/*
This documents the processing of hordeum vulgare ESTs to the rice genome.
Lenny Teytelman
Mon Mar 25 10:15:45 2002
*/

The BACs/PACs are from the GenBank Entrez Nucleotide query:

"Oryza [ORGN] AND (30000 [SLEN]:250000 [SLEN]) AND ((htg [KYWD] OR BAC
[ALL] OR chromosome [TITL] OR PAC [ALL]) NOT (marker [TITL] OR cDNA
[TITL] OR mRNA [TITL] OR RAPD [TITL] OR GSS [KYWD] OR telomere [TITL]
OR protein[TITL]))" for BACs, and

The ESTs are from the GenBank nucleotide query "txid4558[orgn]  AND
gbdiv_est[PROP]"  The average ESTs length is 586.



1,847 sequences were compared to  148,651 ESTs using BLAT with
mindIdentity=50.   The 302,684 BLAT hits were filtered using pslReps
utility with -minAli=0.85 -nearTop=0.01.  This resulted in 156,816
alignments.

The lengths of the matches are distributed as follows:

Length of
hits	     Count
--------     ------
0-100		26422
100-150		14299
150-200		15200
200-250		14398
250-300		14936
300-350		14400
350-400		12691
400-450		10209
450-500		8313
500-550		7644
550-600		7357
600-650		4951
650-700		3022
700-750		1605
750-800		973
>800		396



Removing matches with less than 150bp match-length leaves 115,830 hits.

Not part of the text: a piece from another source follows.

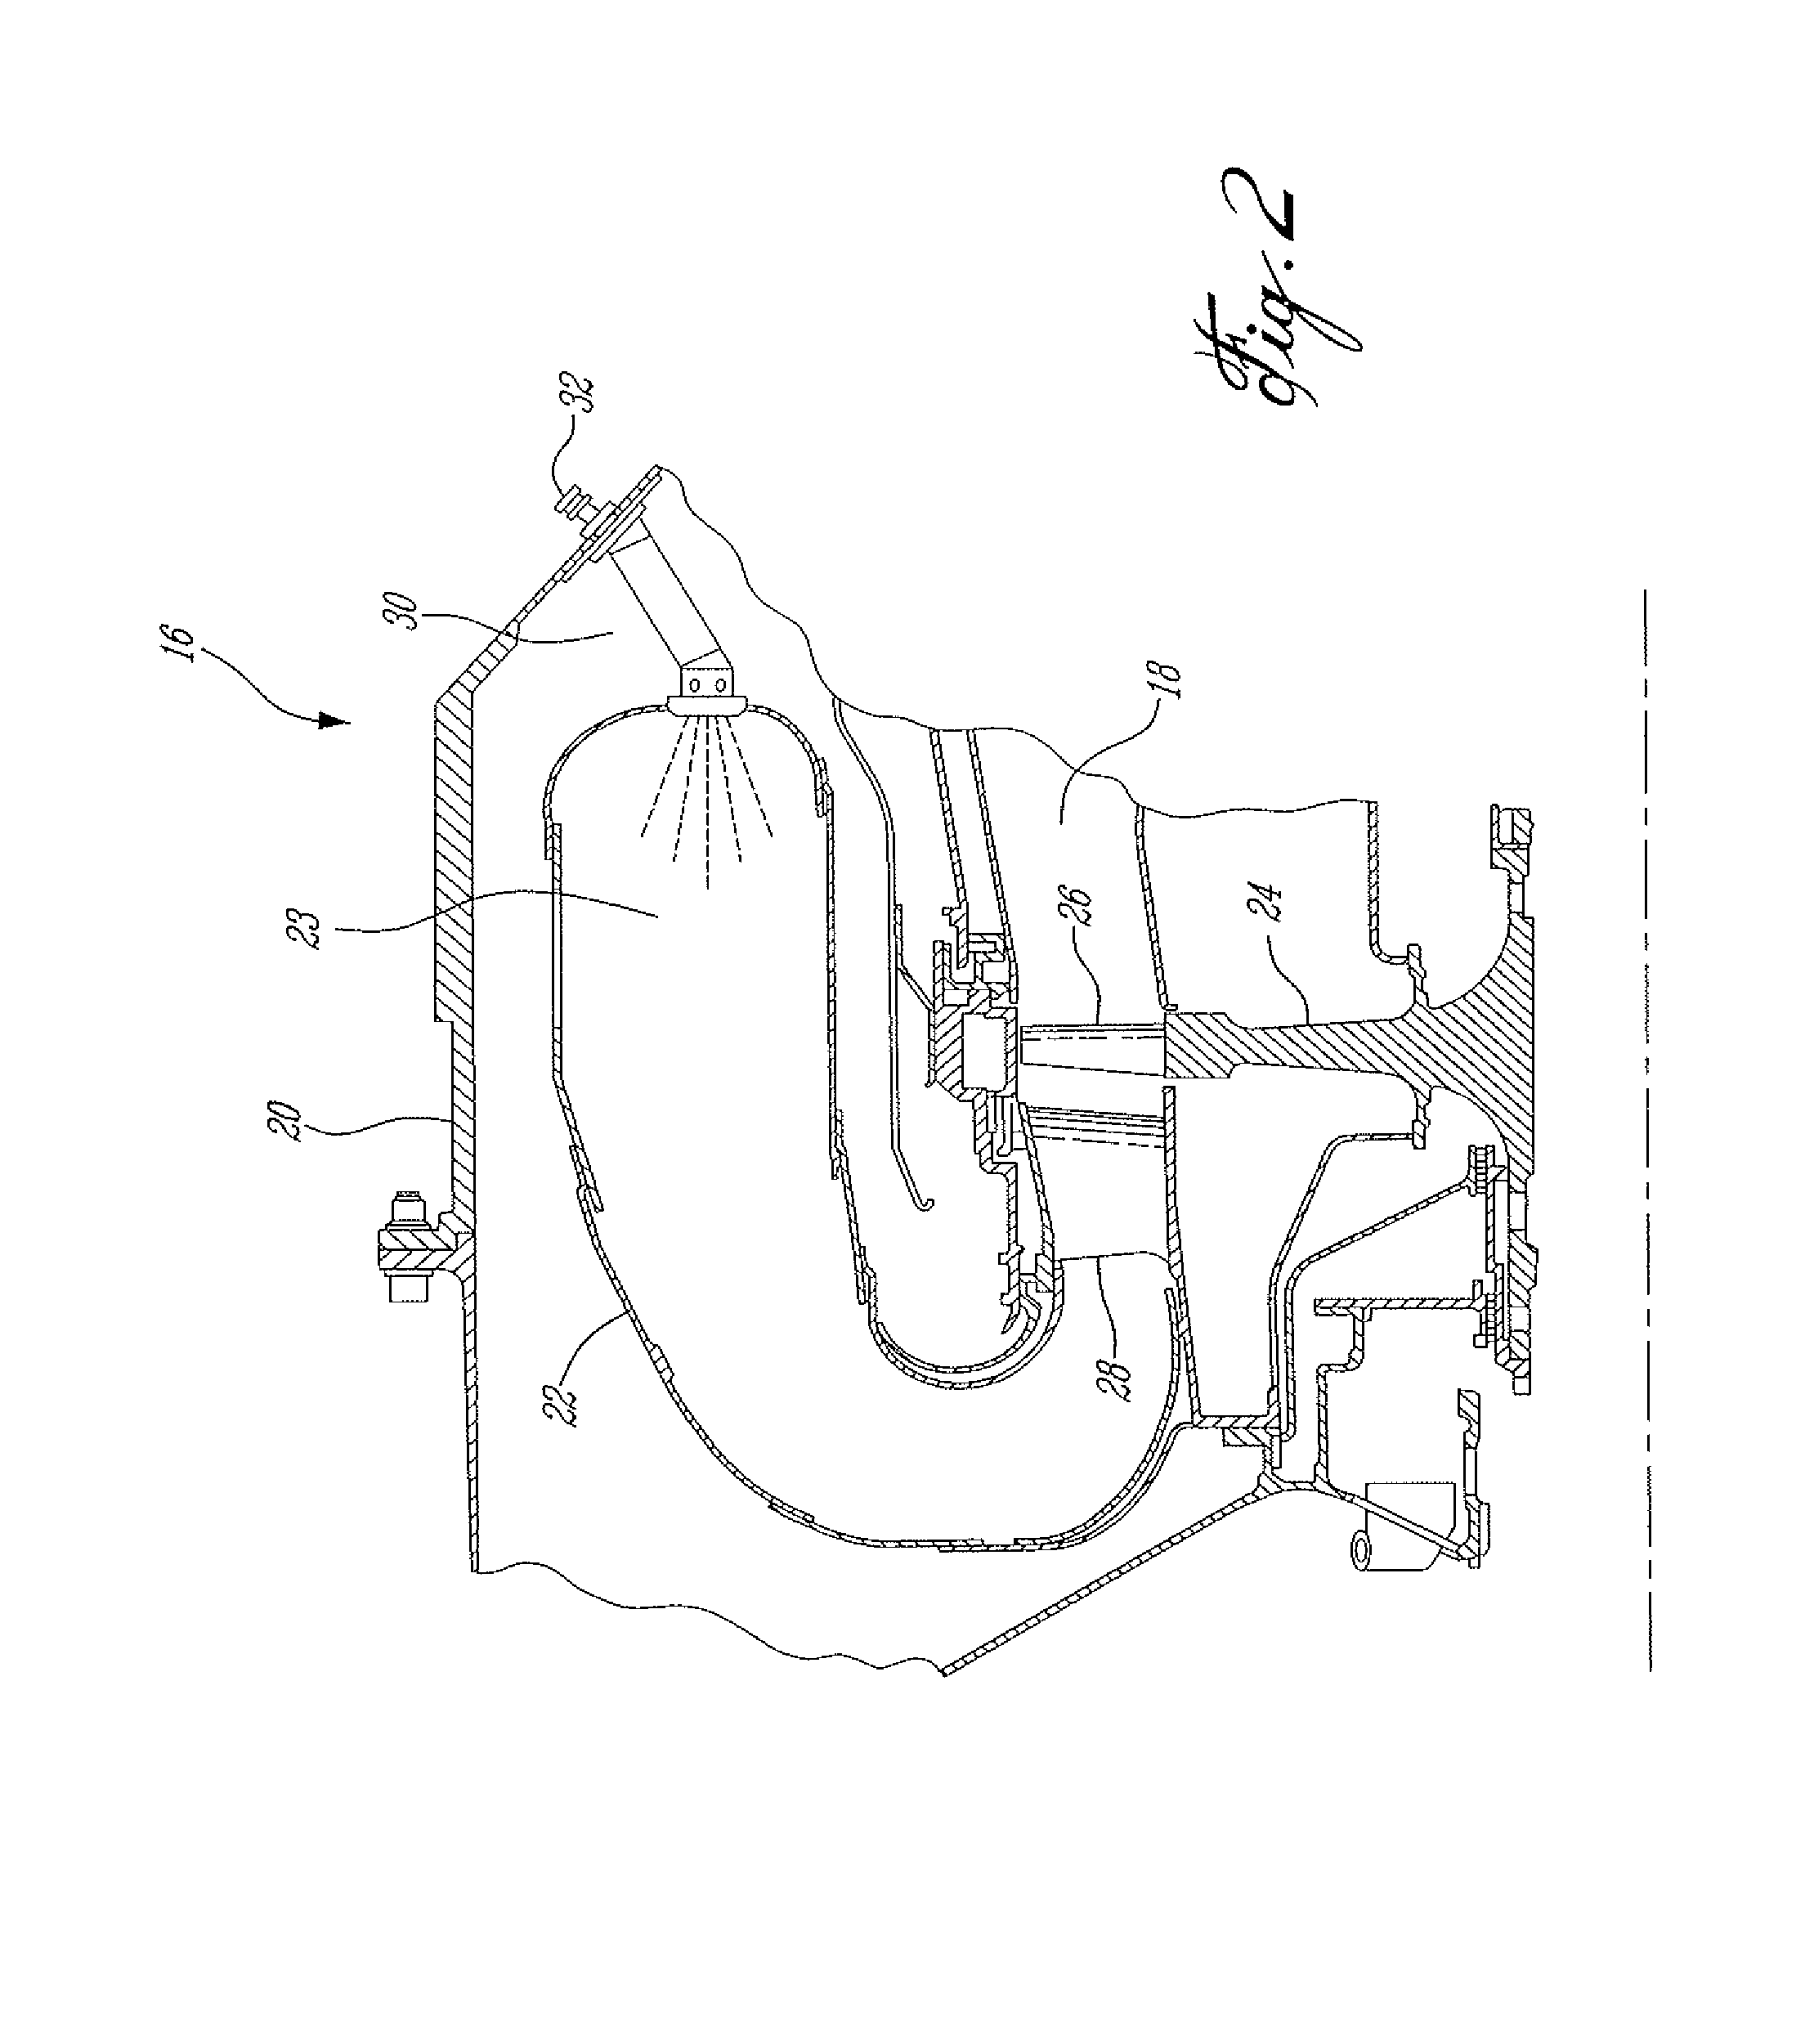 Helical channel fuel distributor and method

Many of the ESTs hit more than once.  The distribution of the hit
frequencies is:

# Of
Hits per
Feature       Count
-------       -----
01		30843
02		14684
03		5052
04		1425
05		726
06		1922
07		2171
08		127
09		65
10		48
20		130
30		15
40		6
50		1
60		2



ESTs that hit more than three times are removed, with 75,367 hits
remaining.  These matches have the following distribution of the percent
identity per hit:

% Identity	 Count
----------	 ----------
82		605
83		2212
84		3711
85		5016
86		6550
87		7570
88		8746
89		9476
90		9201
91		7465
92		5414
93		3701
94		2452
95		1598
96		918
97		329
98		162
99		165
100		76


The distribution of the sequenced clone gaps is:

Bac Gap
Length	      Count
------	      ----------
01000		62260
02000		9418
03000		1979
04000		480
05000		246
06000		182
07000		64
08000		59
09000		21
10000		36
20000		302
30000		150
40000		47
50000		47
60000		43
70000		13
80000		7
90000		4
>90000		9


The hits represent 50,579 unique ESTs and 1,705 sequenced clones.
Those having at least one gap of length 50 or above, are considered
multi-exon hits.  40,400 are multi-exon and 12,482 are single-exon hits.